*What this task involves*. Give the data again in full, without pictures.

Segment Start: Provided data

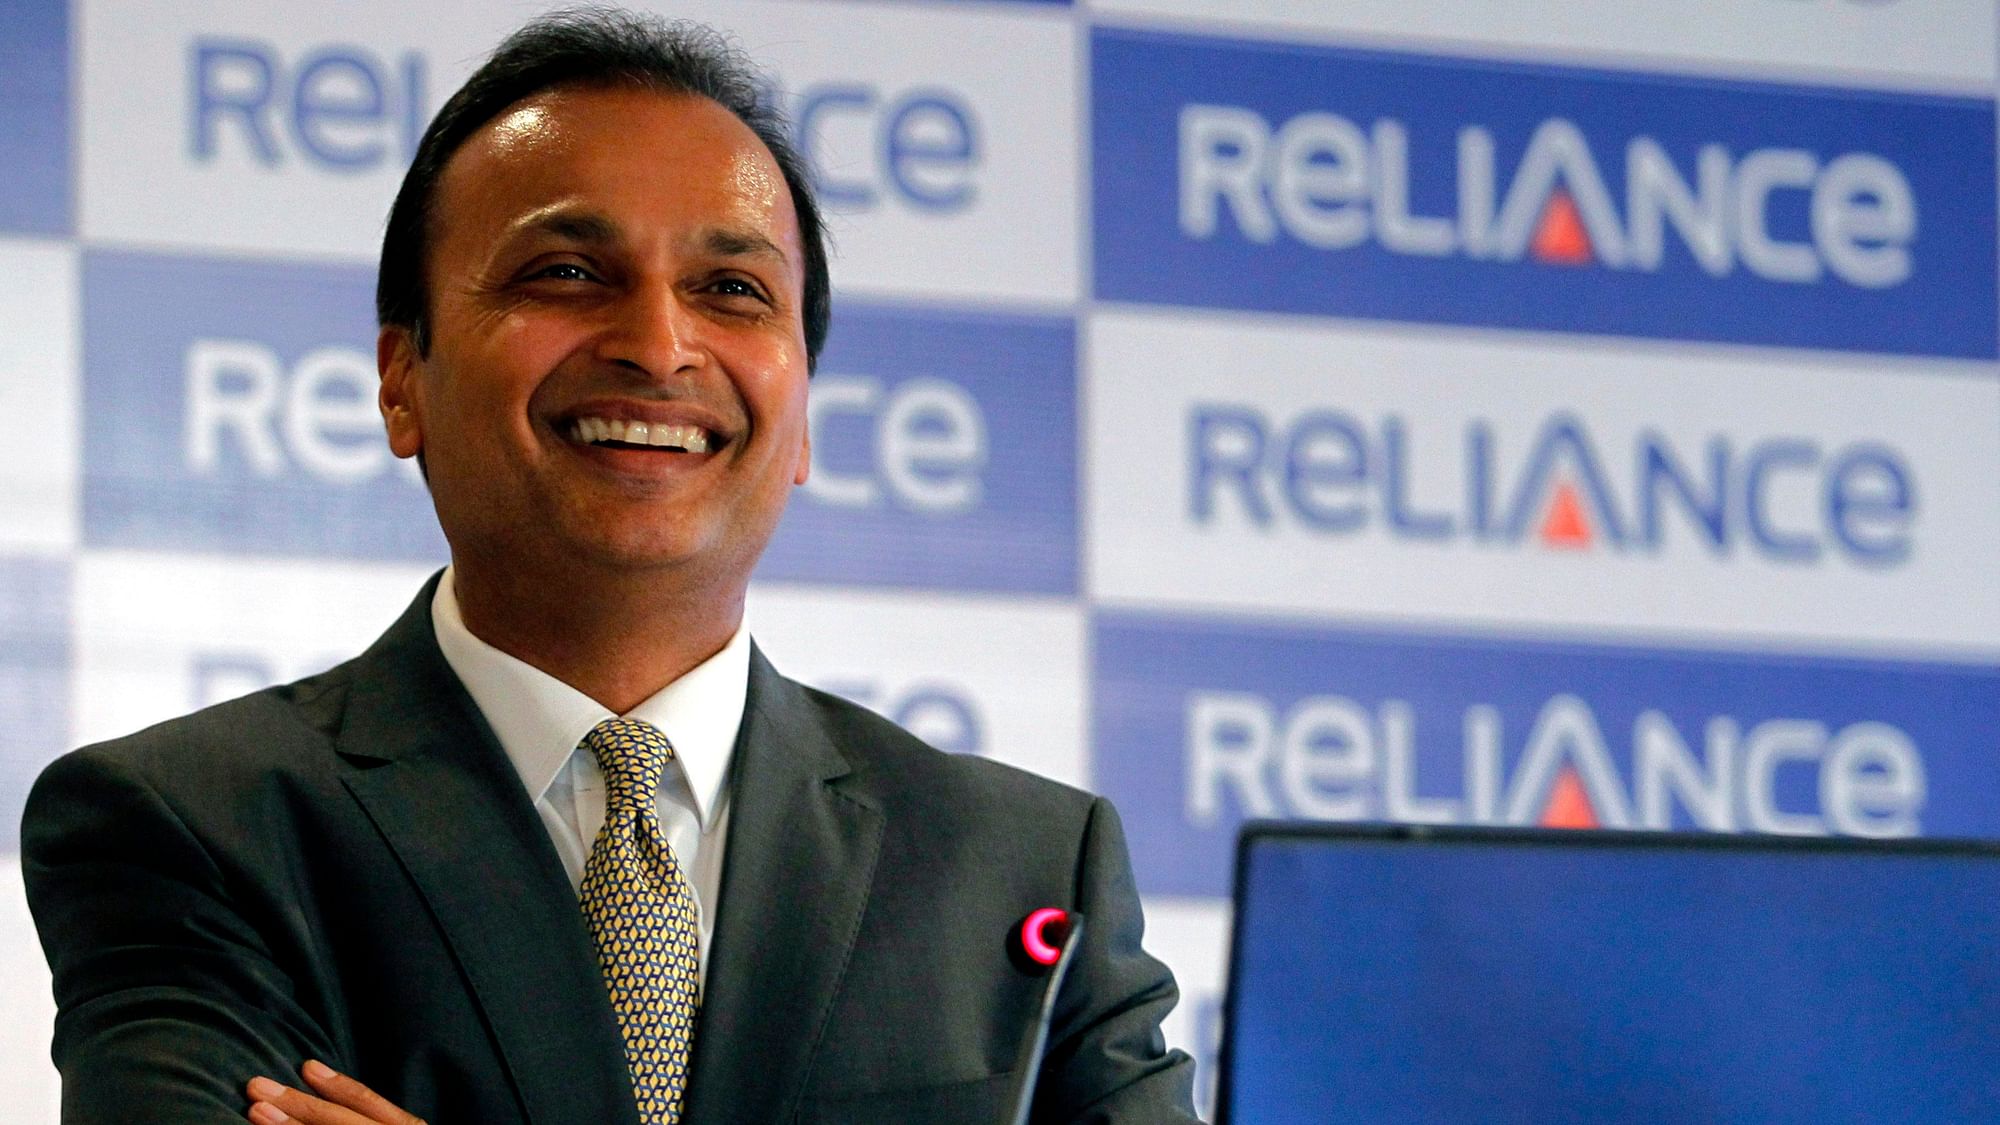 Chairman of Reliance Communications, Anil Ambani
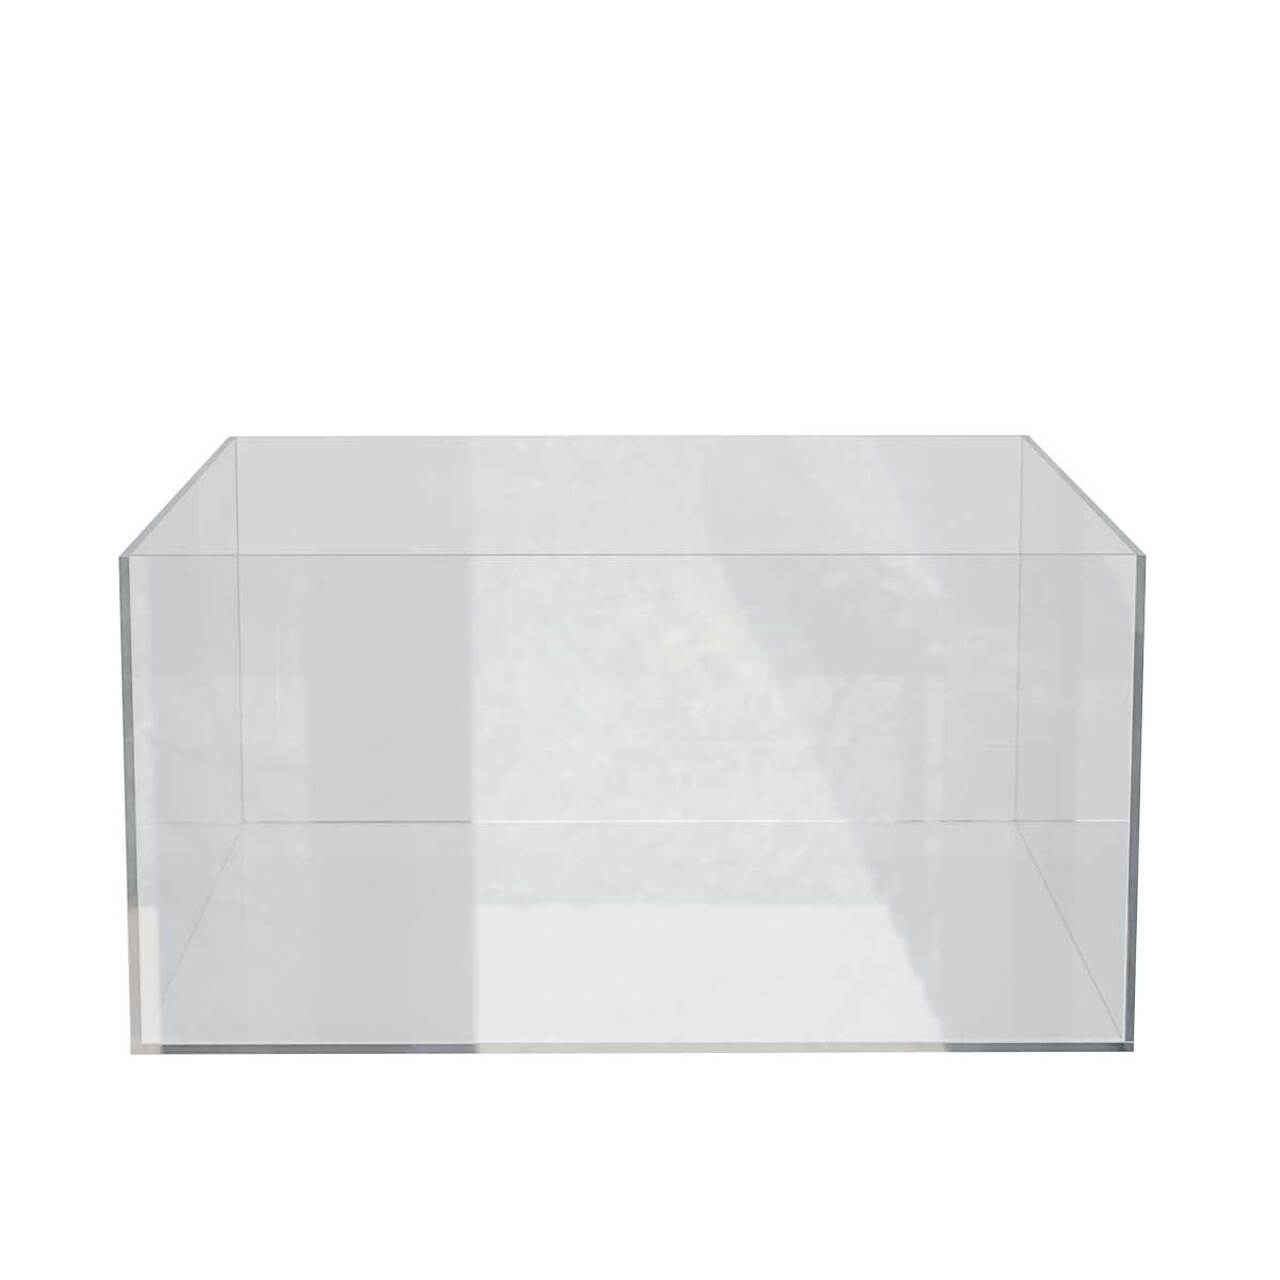 Cutie organizatoare simplă, din plexiglas, format 200 x 200 x 100(h).
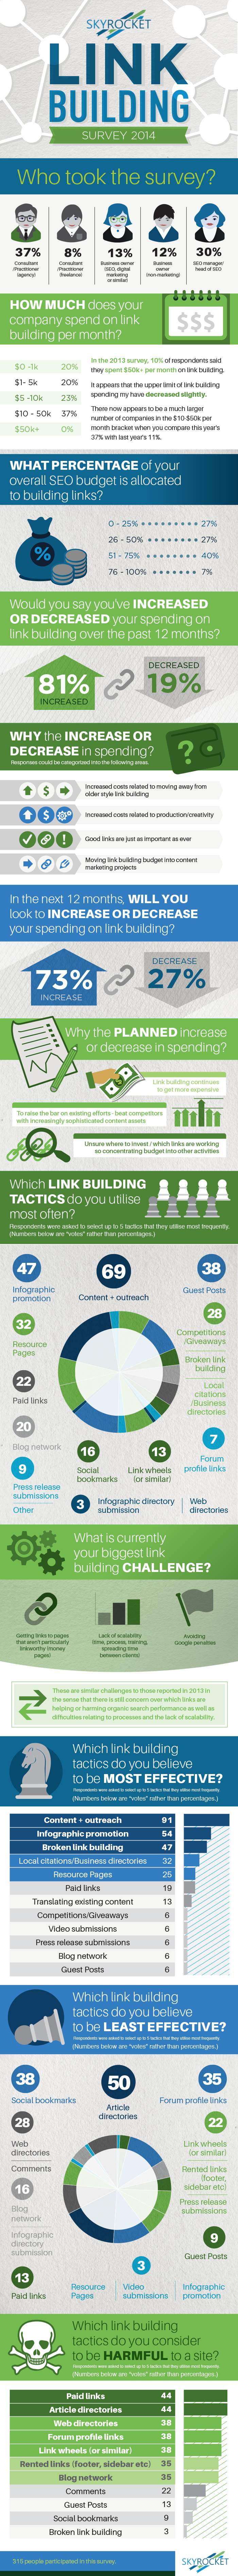 linkbuilding onderzoek infographic

Segment End: Provided data

*Exercise result*.
 Chairman of Reliance Communications, Anil Ambani
 Cutie organizatoare simplă, din plexiglas, format 200 x 200 x 100(h).
 linkbuilding onderzoek infographic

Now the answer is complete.